Jefferson Didn't Mean What You Apparently Thought He Did

There are plenty of things the founders disagreed on. And there are plenty of things they were certainly just wrong on. But, generally speaking, the founders were drawing on a socio-political framework put forth by Locke; a framework of individual liberty denoted and defined by a system of property rights. And although the common conception (or misconception) of liberty today is that of it being individualistic or selfish, the actual philosophical/ethical conception is a negatively defined one. That is to say that our individual rights are not so much defined as some atomistic property of the individual, but rather a set of (negative) social obligations people have to any given individual. So when we say that X has "a right to speak", what we really mean is that all other rational agents have an obligation to not stop X from speaking.

Where the water begins to get a little muddy is when we introduce positive rights to such a framework. Positive rights indicate positive obligations we would have to people. So, if someone says that they have a right to a house, they mean that people are positively obligated to provide them with a house.

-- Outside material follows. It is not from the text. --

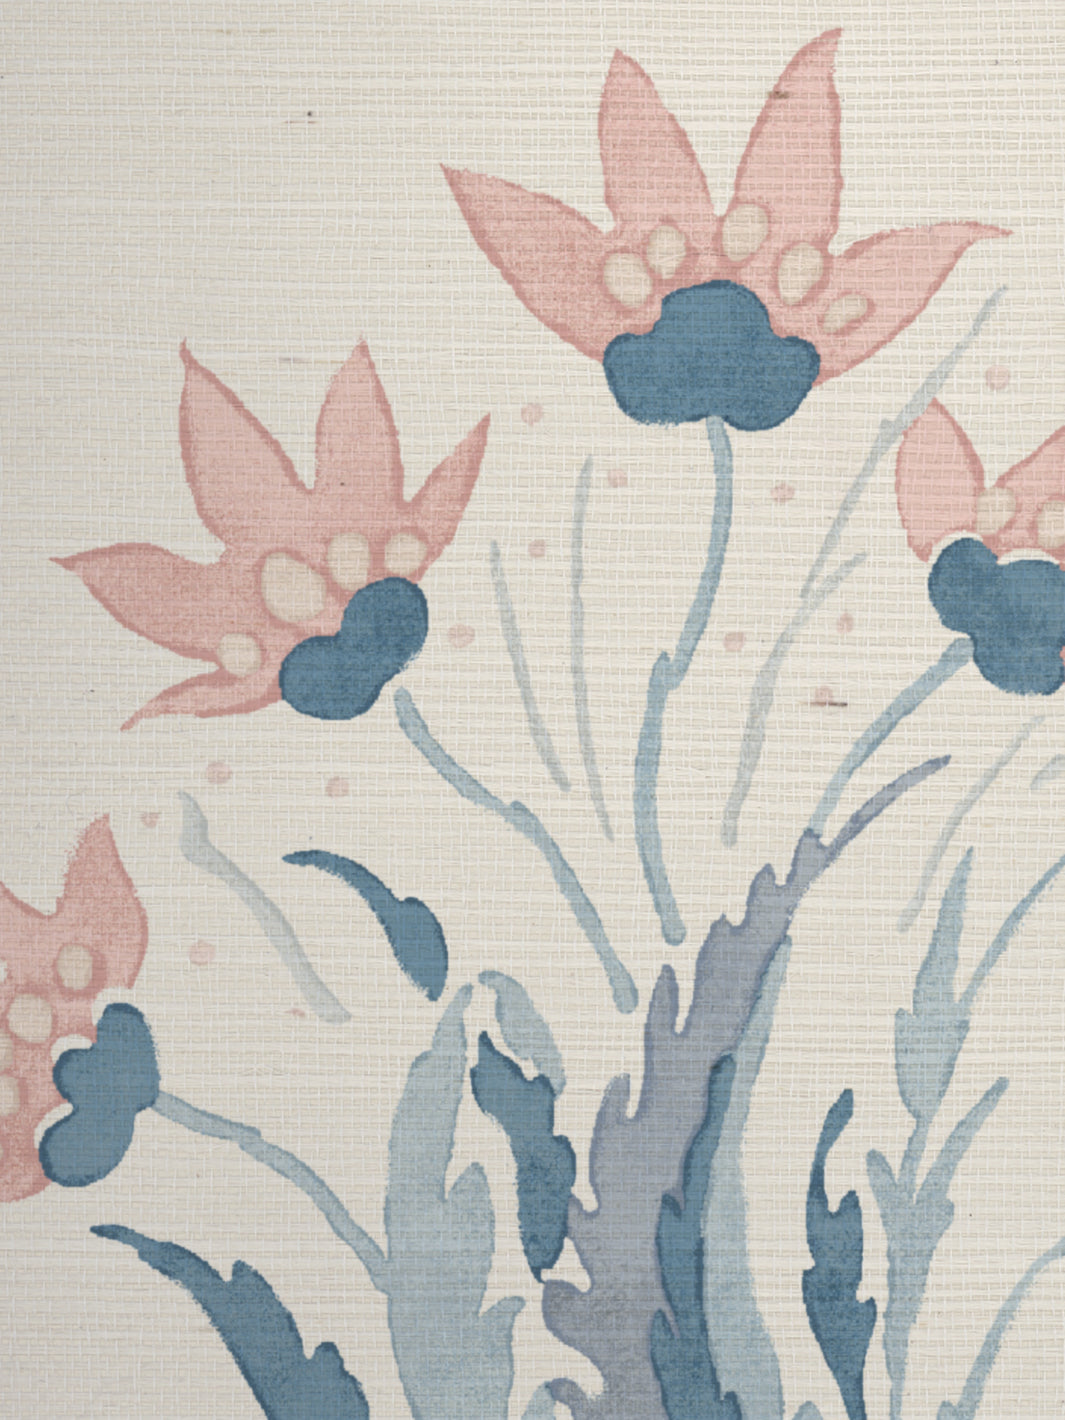 'Hillhouse Block Print Large' Grasscloth Wallpaper by Nathan Turner - Pink Blue

And I believe it's in misconstruing these two different uses of the same word ("right") that our commenter goes wayward here.

So let's take a look at the "right" in question that is being referred to; the "right" to life (although the original is "preservation of life", interestingly). In the Lockean sense, a right to life would imply that people have an obligation to not take your life. In terms of positive rights, it would seem that people would have an obligation to sustain your life. Which version do you imagine this country's founders to have meant?

Well, let's jump to the actual constitutive document of positive law, The Constitution, and examine the (at the time controversial) Bill of Rights. Now, let's take a look at some of the rights outlined here. What do you think is meant by "right of the people to peaceably assemble" or "right of the people to keep and bear arms"? Do we have a positive obligation to lend out our homes for people to assemble in? Do we, perhaps, have a positive obligation to arm unarmed citizens? Or, in fact, are the rights and freedoms spoken of here a reflection of our obligation to not interfere with such actions taken by others?

So, it's quite easy to see that the efficacy of Paul's statement depends largely on what we mean by a "right to health care". If we meant it in the traditional, negative sense there wouldn't be much controversy here. Of course we have an obligation to not stop people from obtaining health care. Unless people are hanging out in front of hospitals with guns, I don't think this is the issue. On the other hand, if we're saying that people have a positive obligation to provide health care for others (either directly or indirectly through their labor) then there is certainly a sense in which the claim is justified.

If, following the flow of abolition in the United States, we allowed wealthy slave-owners to say something like, "Alright, you slaves - I'm letting you free...but if you should do anything else, you have a positive obligation to hand over %30 of what you earn to me" then I think we'd still have a serious ethical dilemma on our hands. I think a lot of people would still consider that slavery of at least some sort. Are we to pretend that we can wash away the ethical issue here by simply having the former slave-owner declare that he's poor and that he has a "right" to housing, food, health care, etc.?

Once you realize the contentious nature of accepting both conceptions of rights, ethical questions like this are bound to rise to the surface. And the imminent disregard of such problems by contrasting their scope will only let you tread argumentative water for so long. Of course this form of slavery (the fractional income variety) isn't as objectionable as that of chattel slavery. But it's still objectionable and for largely the same reasons. Punching someone in the face isn't as objectionable as the Holocaust either - but that doesn't get you to the ethical high ground on punching innocent people. As a matter of scope, the comparison that Paul made may seem like hyperbole, but in principle he can make a very good argument for calling it slavery - and he can do it while being very much in line with the sentiments expressed in the Declaration of Independence.